__Material provided__.
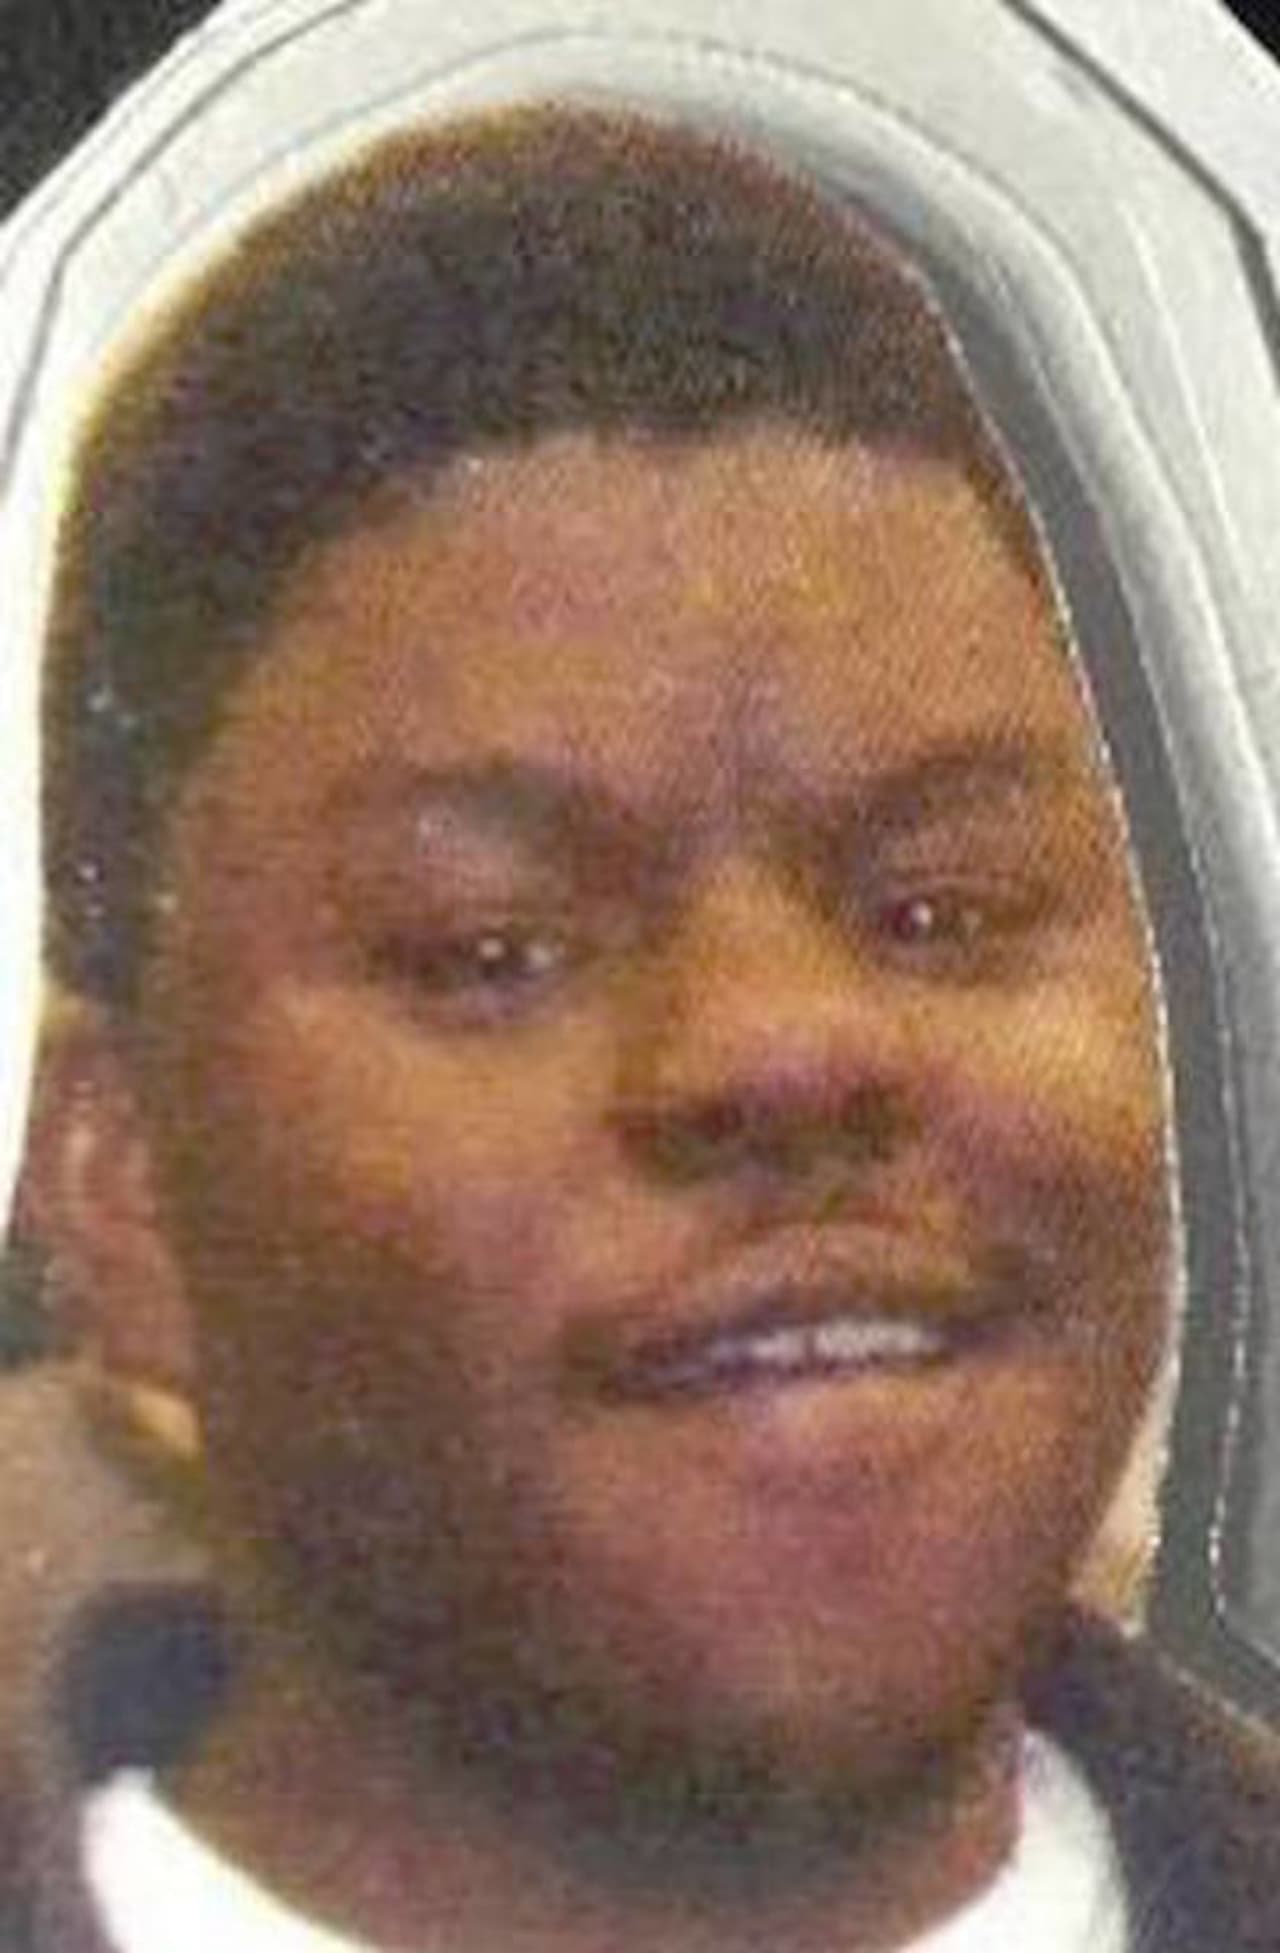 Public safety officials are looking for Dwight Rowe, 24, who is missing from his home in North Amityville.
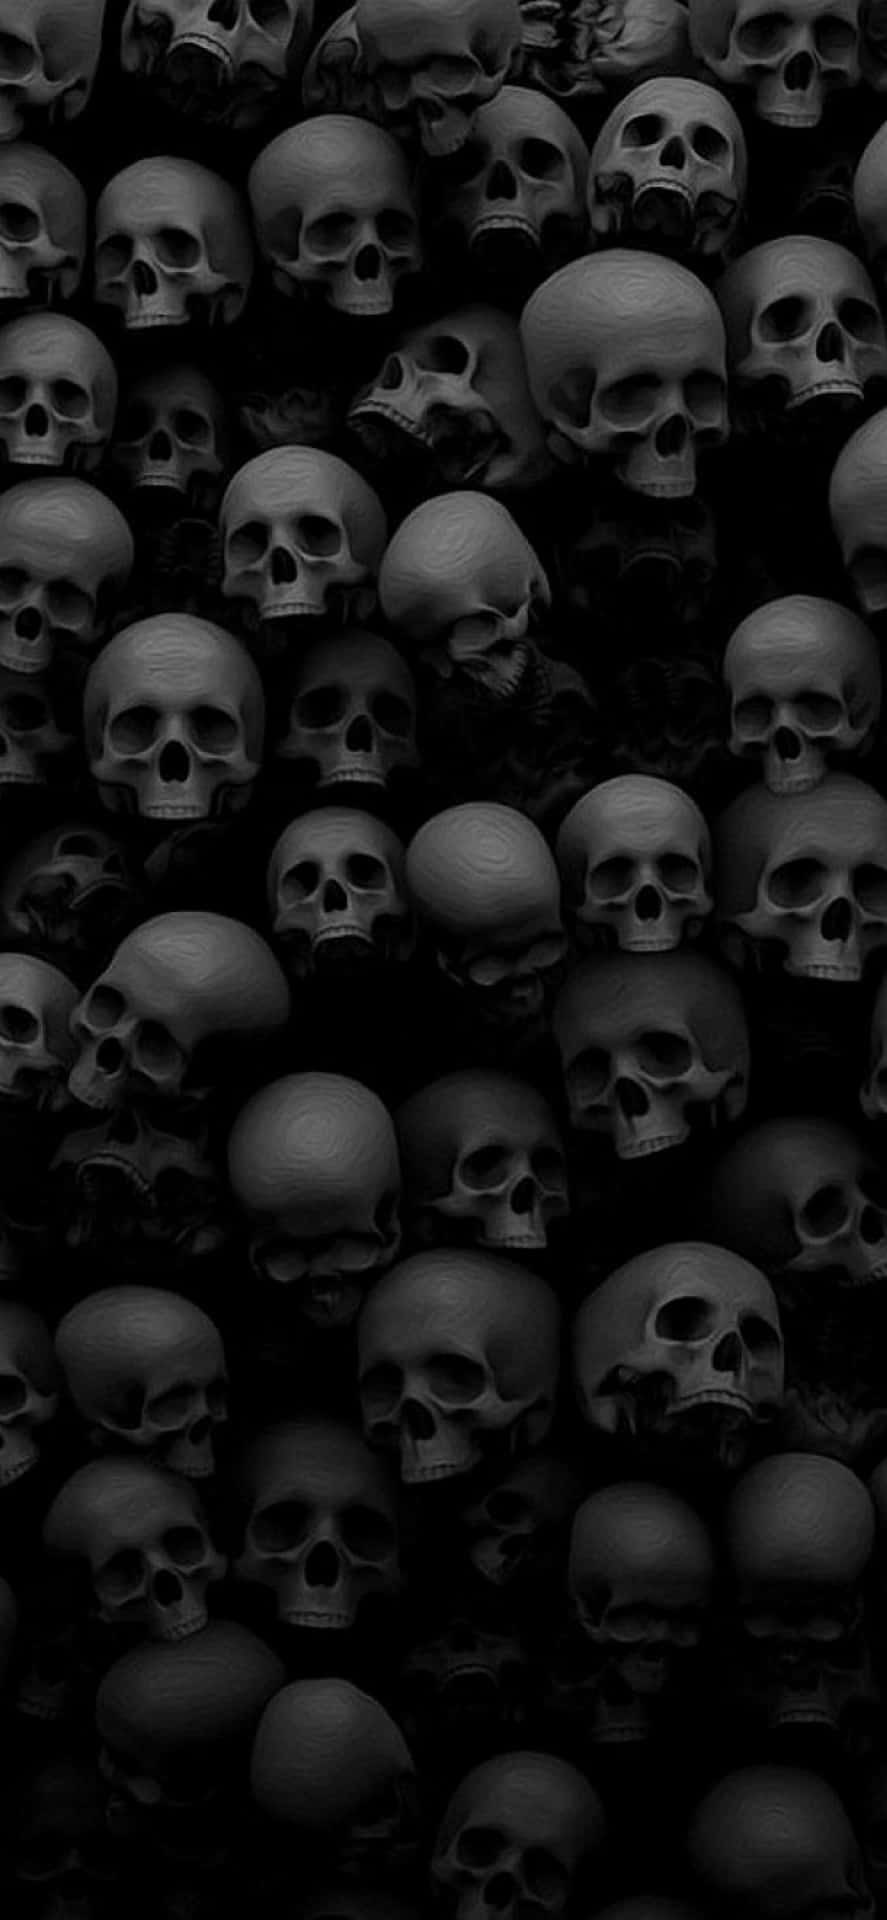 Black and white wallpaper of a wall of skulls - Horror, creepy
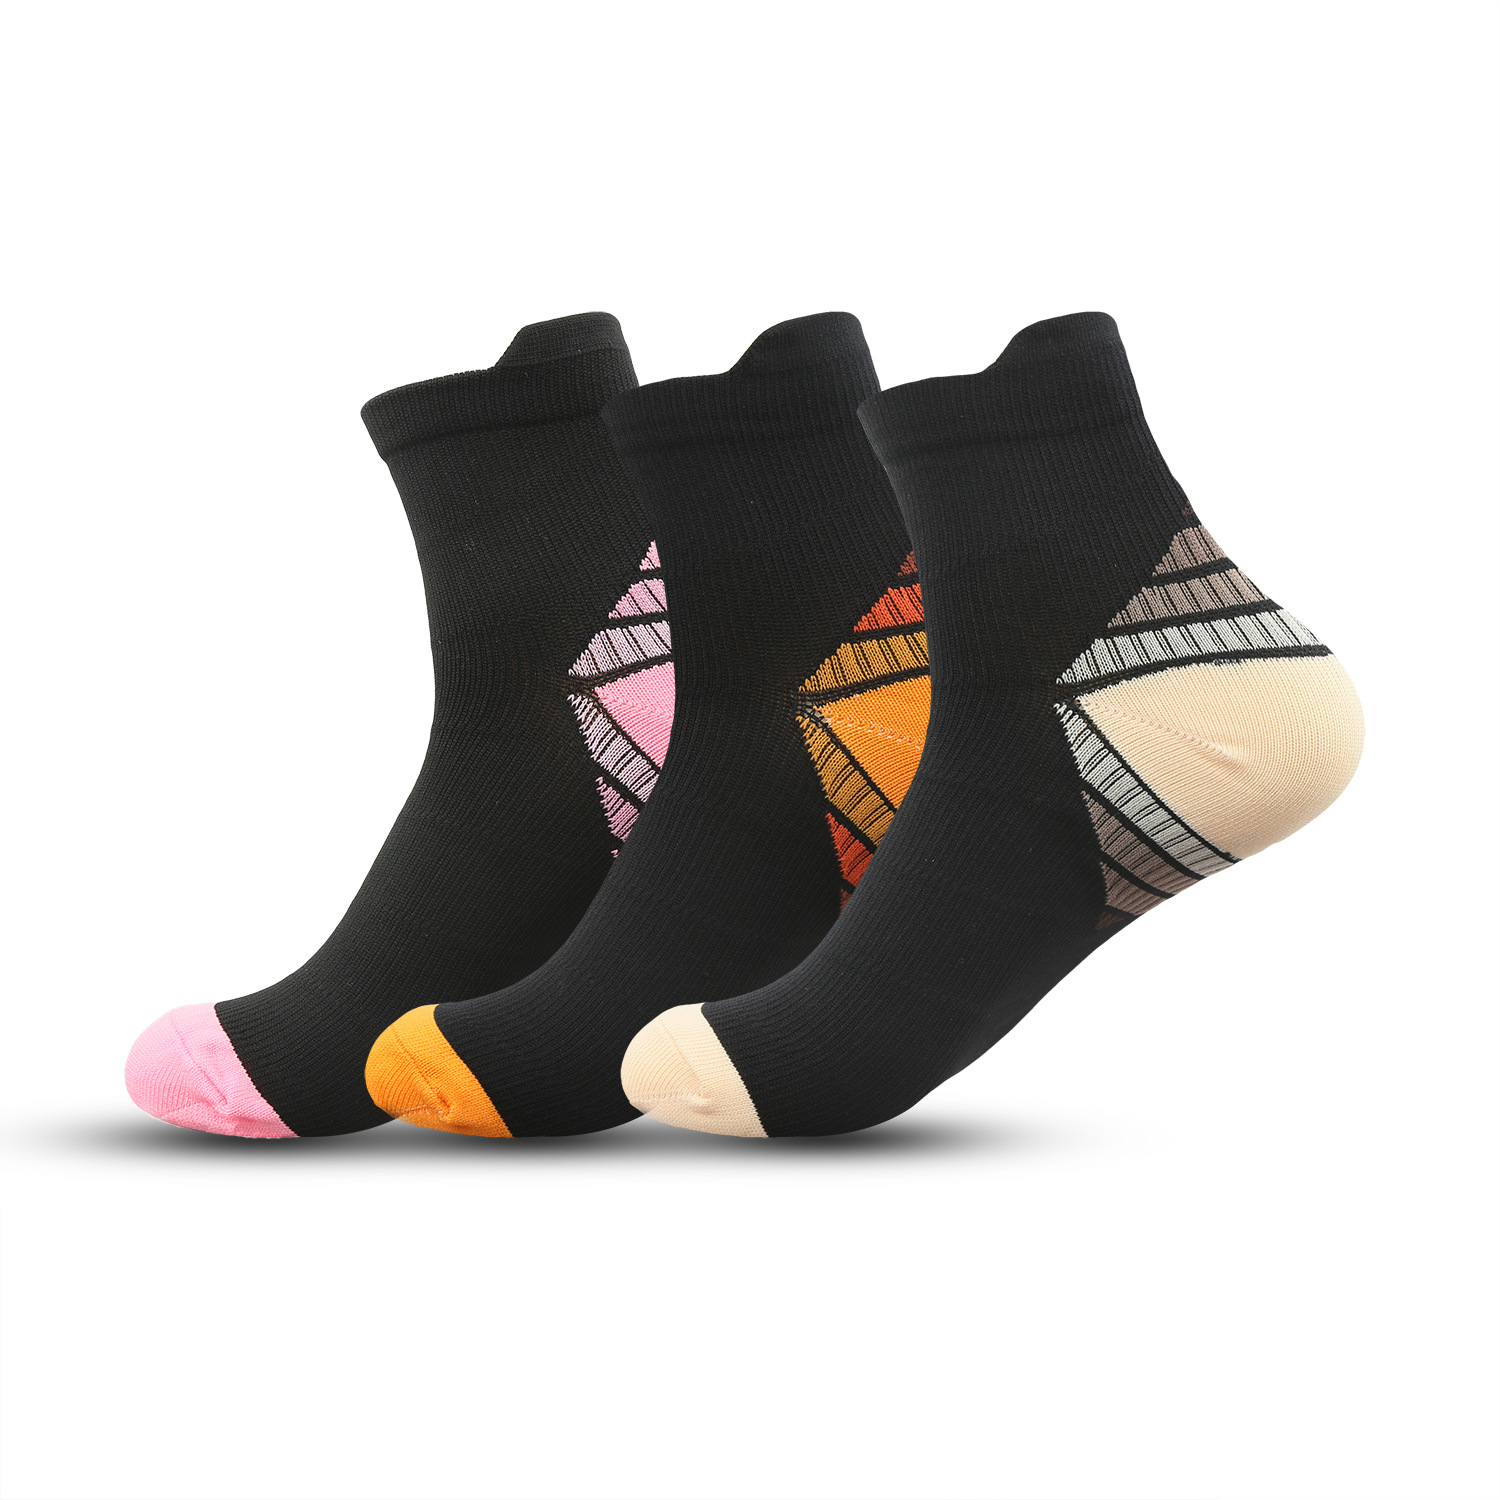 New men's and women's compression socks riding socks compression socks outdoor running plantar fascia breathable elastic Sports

__Work instruction__.
Give the data again exactly as it stands, apart from the pictures.

__Expected answer__.
 Public safety officials are looking for Dwight Rowe, 24, who is missing from his home in North Amityville.
 Black and white wallpaper of a wall of skulls - Horror, creepy
 New men's and women's compression socks riding socks compression socks outdoor running plantar fascia breathable elastic Sports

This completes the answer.